*** RECORDS TO PROCESS

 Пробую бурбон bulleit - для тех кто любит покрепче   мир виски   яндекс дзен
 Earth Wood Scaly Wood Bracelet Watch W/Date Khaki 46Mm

******
*** RECORDS TO PROCESS

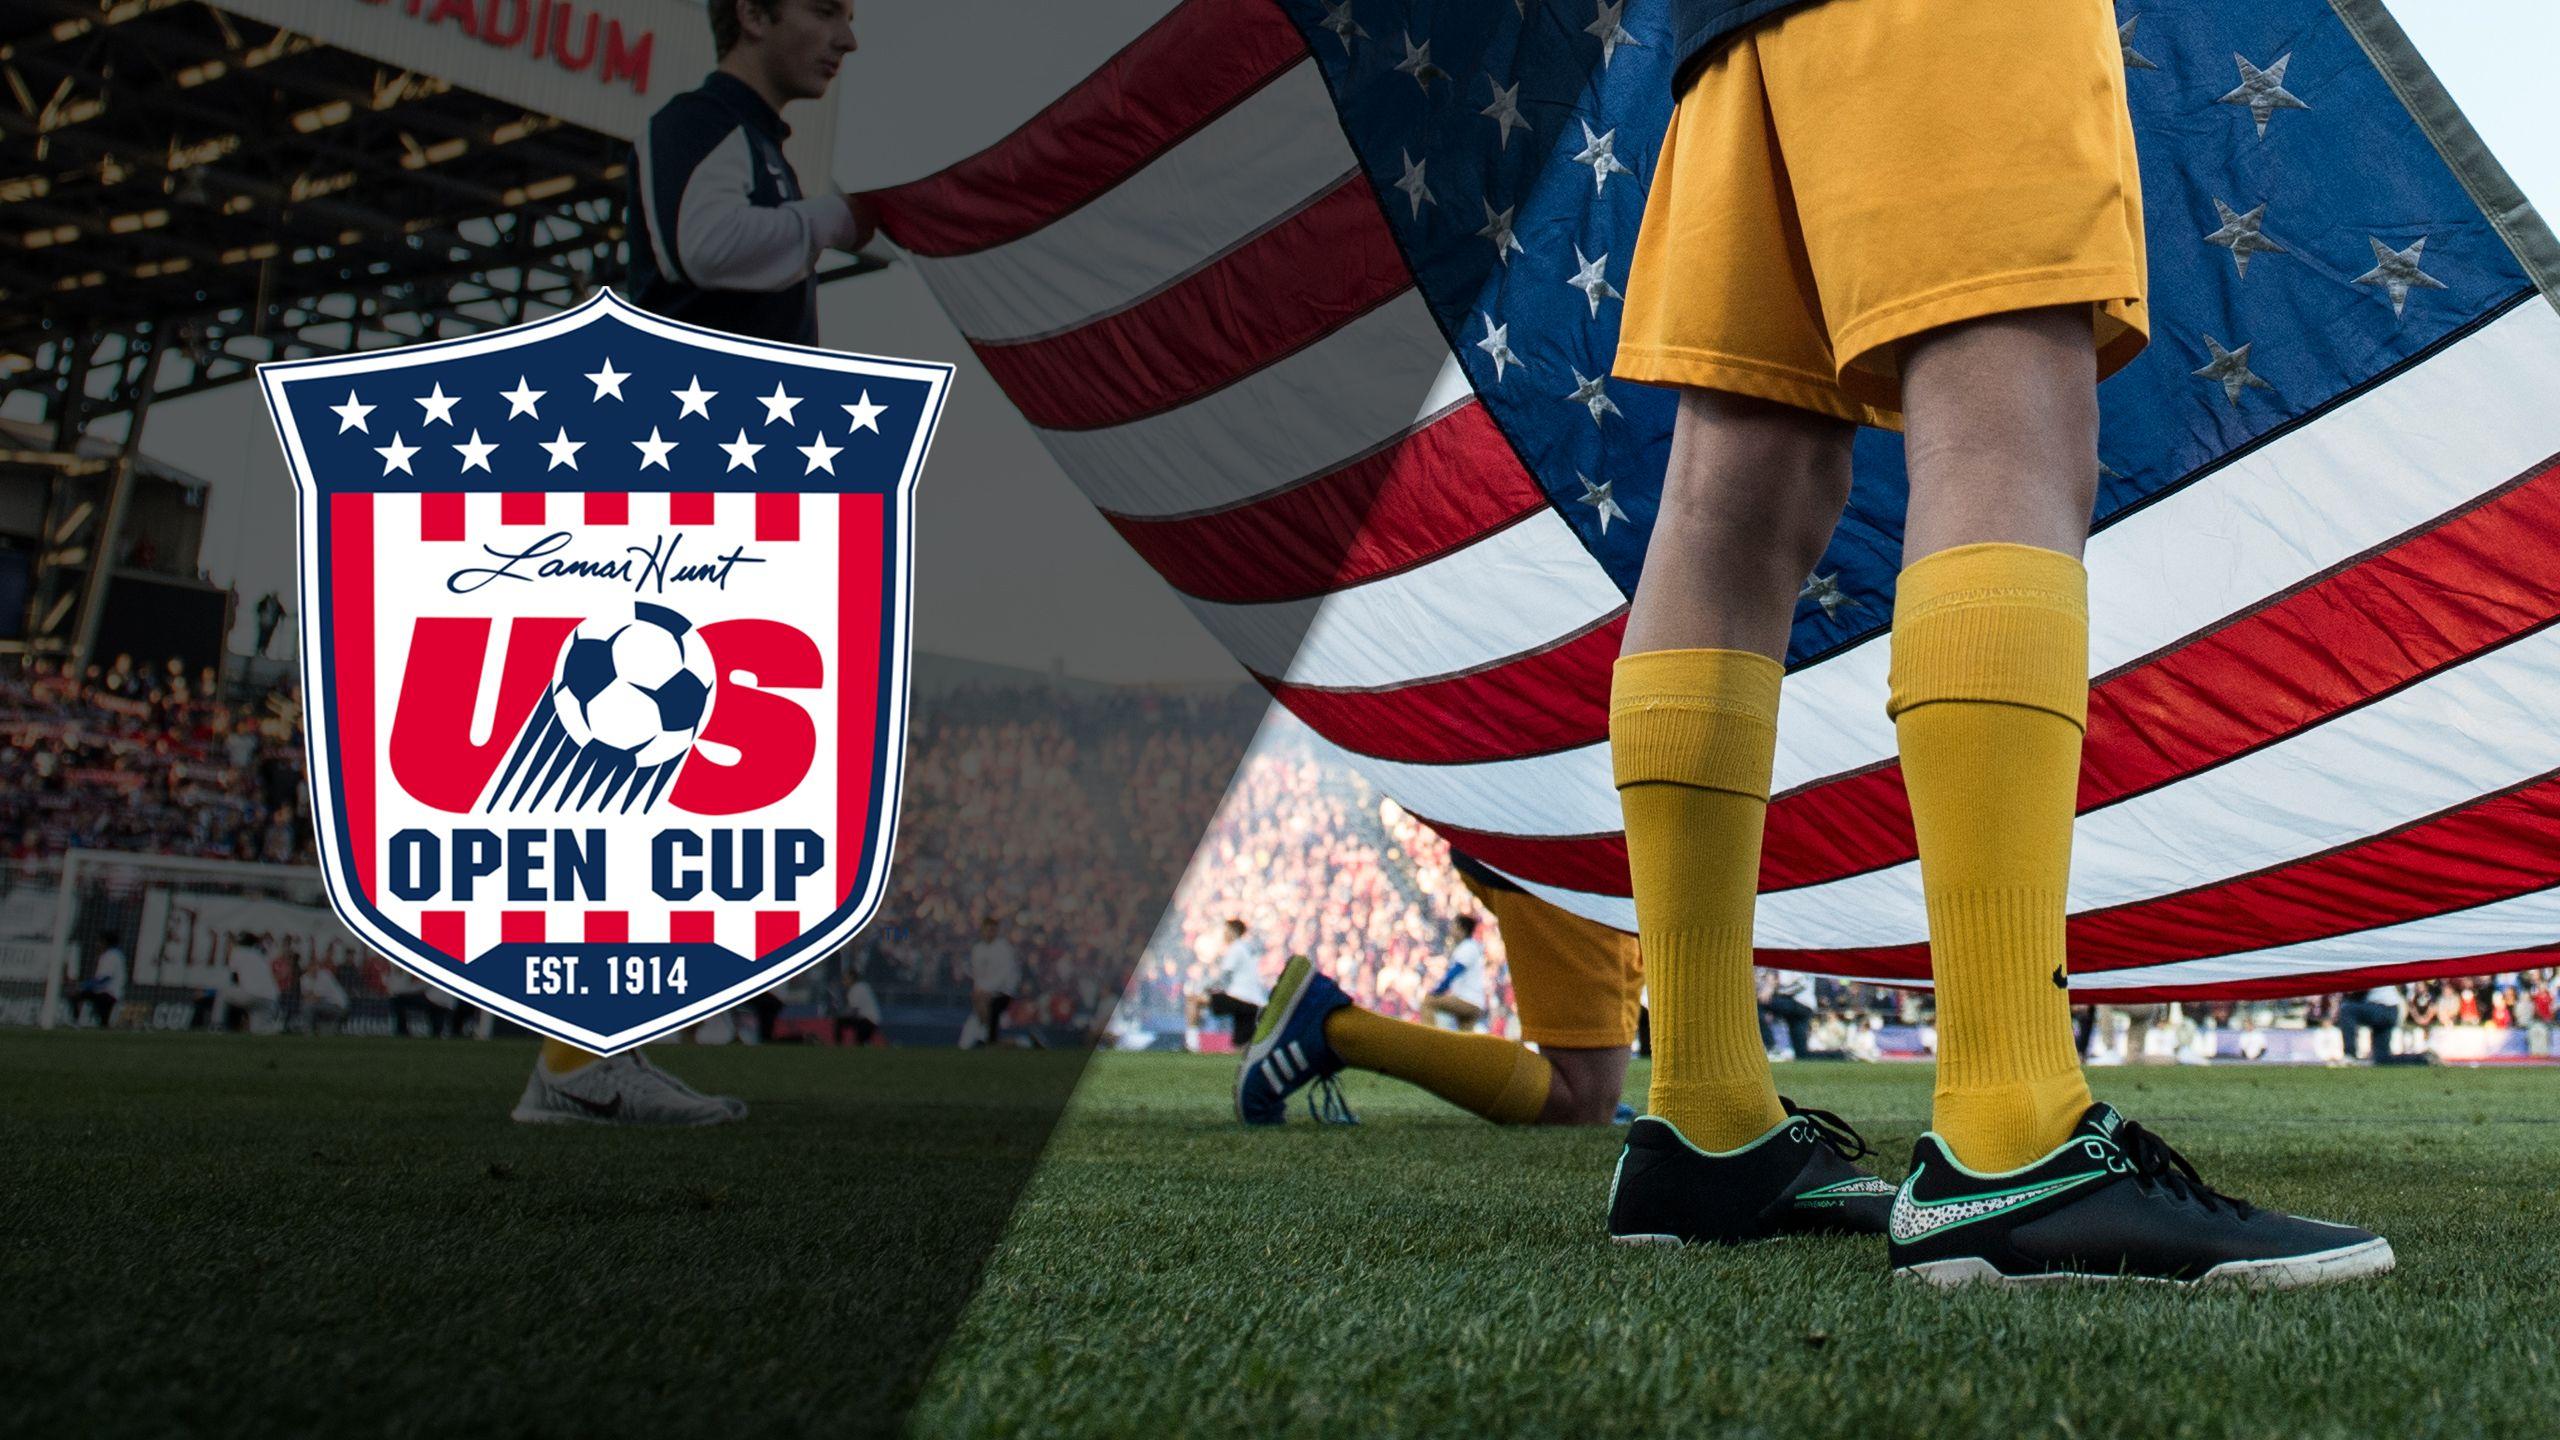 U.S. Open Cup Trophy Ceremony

******

## TASK TO CARRY OUT
Among the entries above, the lines between the ones containing "Пробую бурбон bulleit" and "Earth Wood Scaly", inclusive, are to be transcribed exactly. No other line is to be given.

## ANSWER BOX
 Пробую бурбон bulleit - для тех кто любит покрепче   мир виски   яндекс дзен
 Earth Wood Scaly Wood Bracelet Watch W/Date Khaki 46Mm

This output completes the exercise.